Un calcio al pallone, uno alla sfortuna. Se la ricorderà per un pezzo, Fabio Quagliarella, la serata di Stamford Bridge. Rimonta Juve da 0-2 a 2-2 contro il Chelsea campioni d'Europa in carica, un'impresa da lode. E per l'attaccante napoletano, autore del goal del pari, il ritorno in auge dopo mesi di sofferenza.

"A chi dedico la rete? A me stesso - dice l'ex napoletano dopo la gara con i 'Blues' - Solo io so quello che ho passato, dall'infortunio contro il Parma (gennaio 2011, ndr) in poi. Mi sento al massimo della forma da qualche tempo, ma se non gioco non posso dimostrarlo". 

E quella corsa verso la panchina ad abbracciare Carrera... "In realtà volevo andare da Storari. Ma mi ha fatto piacere, il mister è uno che soffre con noi".    

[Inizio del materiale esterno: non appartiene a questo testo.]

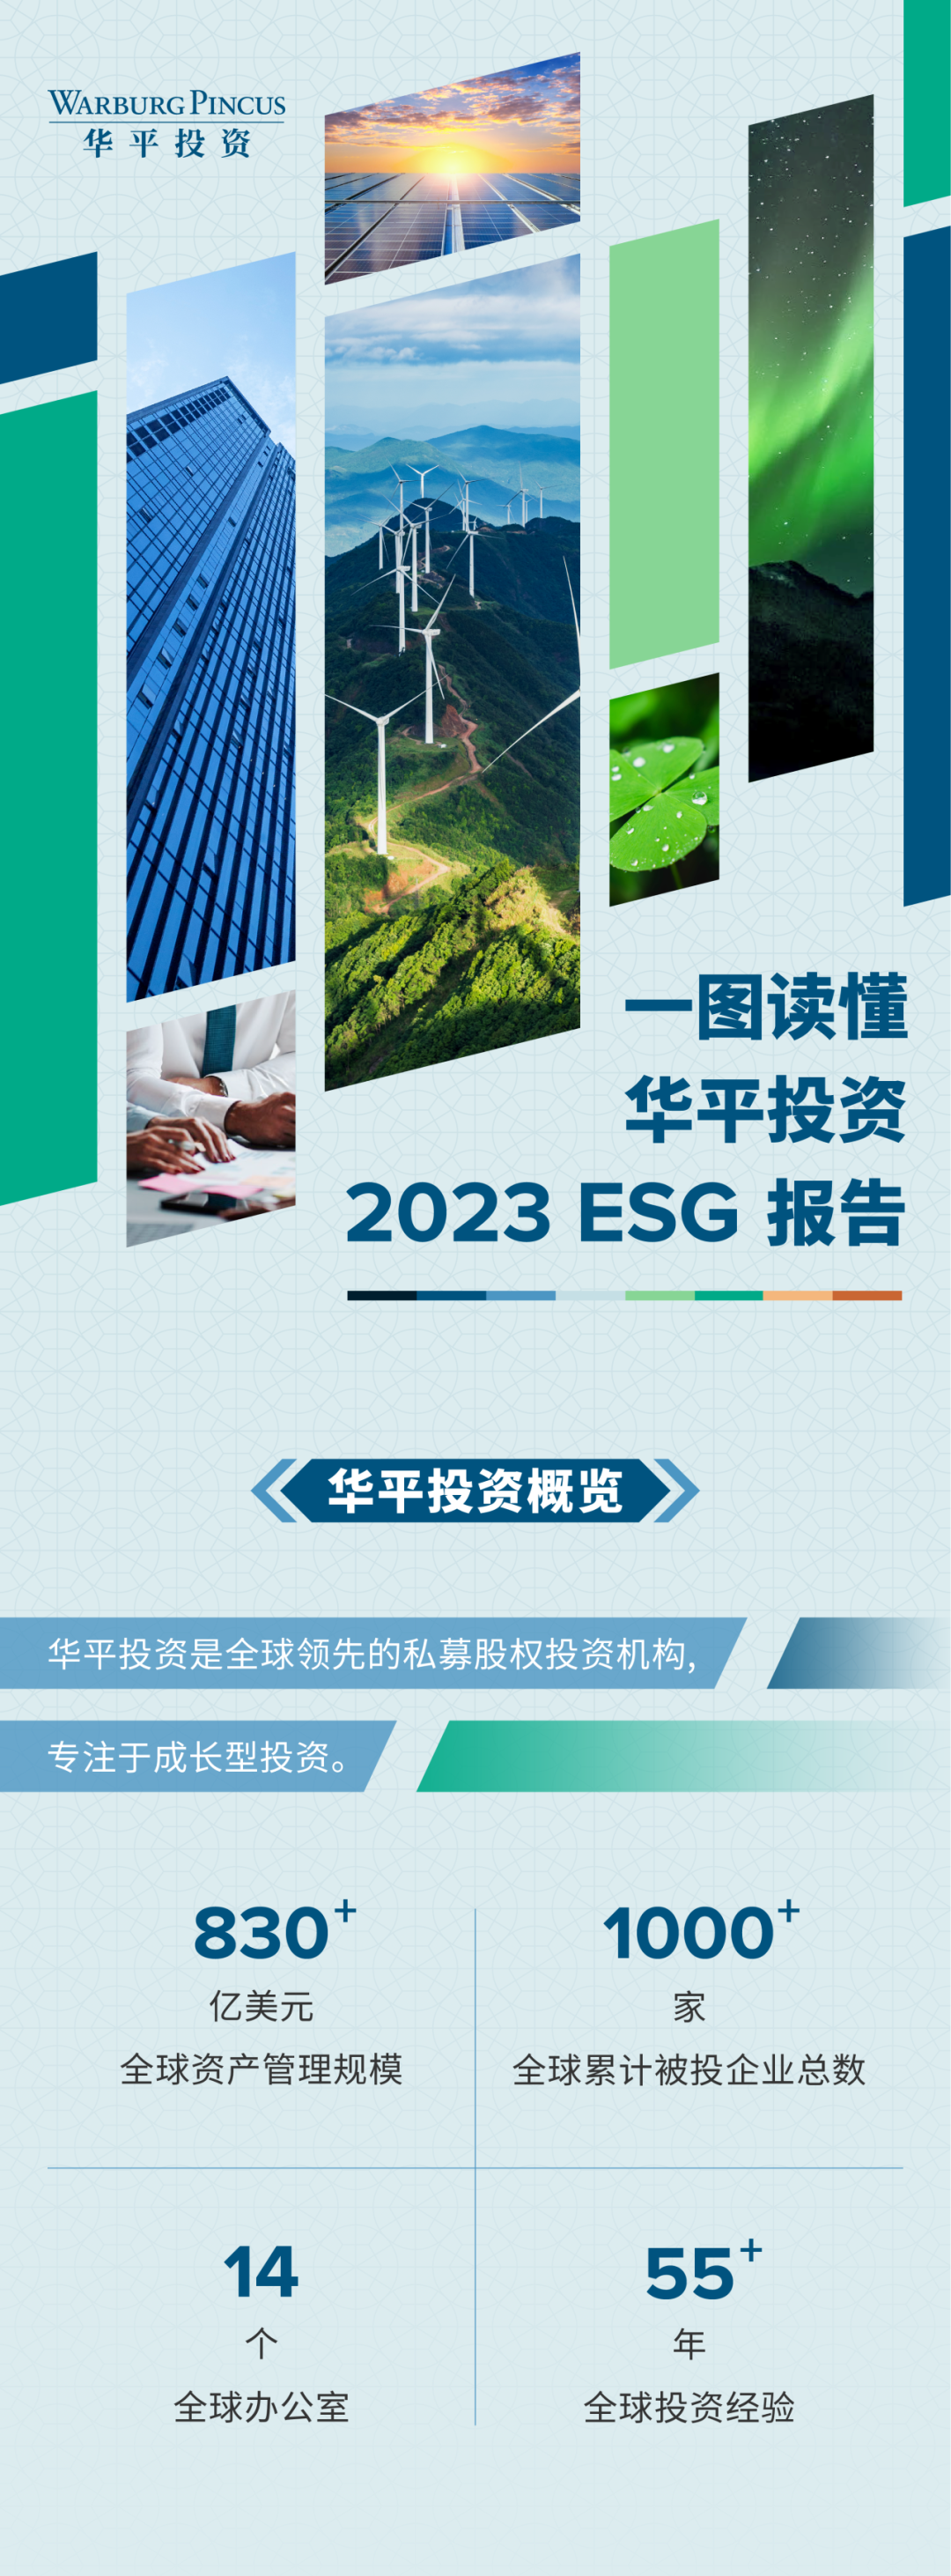 一图读懂《华平投资2023 ESG报告》
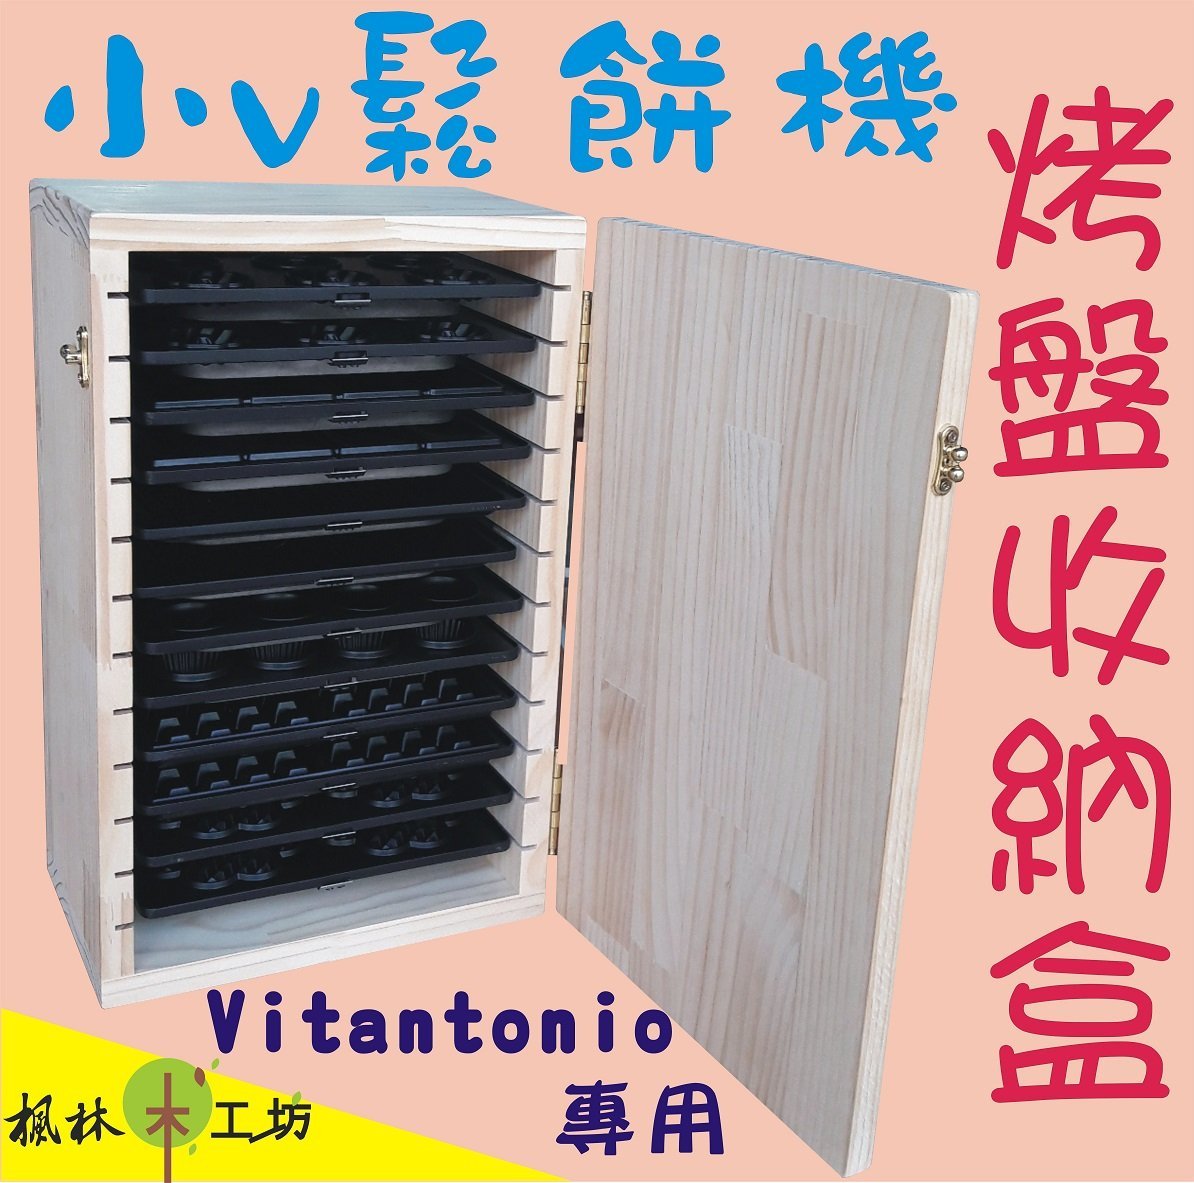 小v烤盤收納盒 Vitantonio烤盤收納盒Vitantonio鬆餅機烤盤收納櫃小v鬆餅機收納櫃小v收納盒12片

A fine match ha parlato anche il cileno Arturo Vidal, autore della rete del parziale 1-2. Lo chiamano 'Guerriero', ora si comprende perché: uno che gioca fino alla fine e segna pure un goal dopo essere stato azzoppato da un avversario se lo merita. "Sono felice per la squadra. Ora sto bene, nei prossimi giorni parlerò con i medici per capire se col Chievo potrò scendere in campo".

E se Stephan Lichtsteiner parla di "grande prova di carattere", Gigi Buffon lo segue a ruota: "E' vero, abbiamo dimostrato di averne molto. Per questo anche sullo 0-2 avevo buone sensazioni. Ma col Chelsea non dev'essere un episodio sporadico: ora dobbiamo avere continuità, la differenza tra squadre forti e meno forti sta in questo".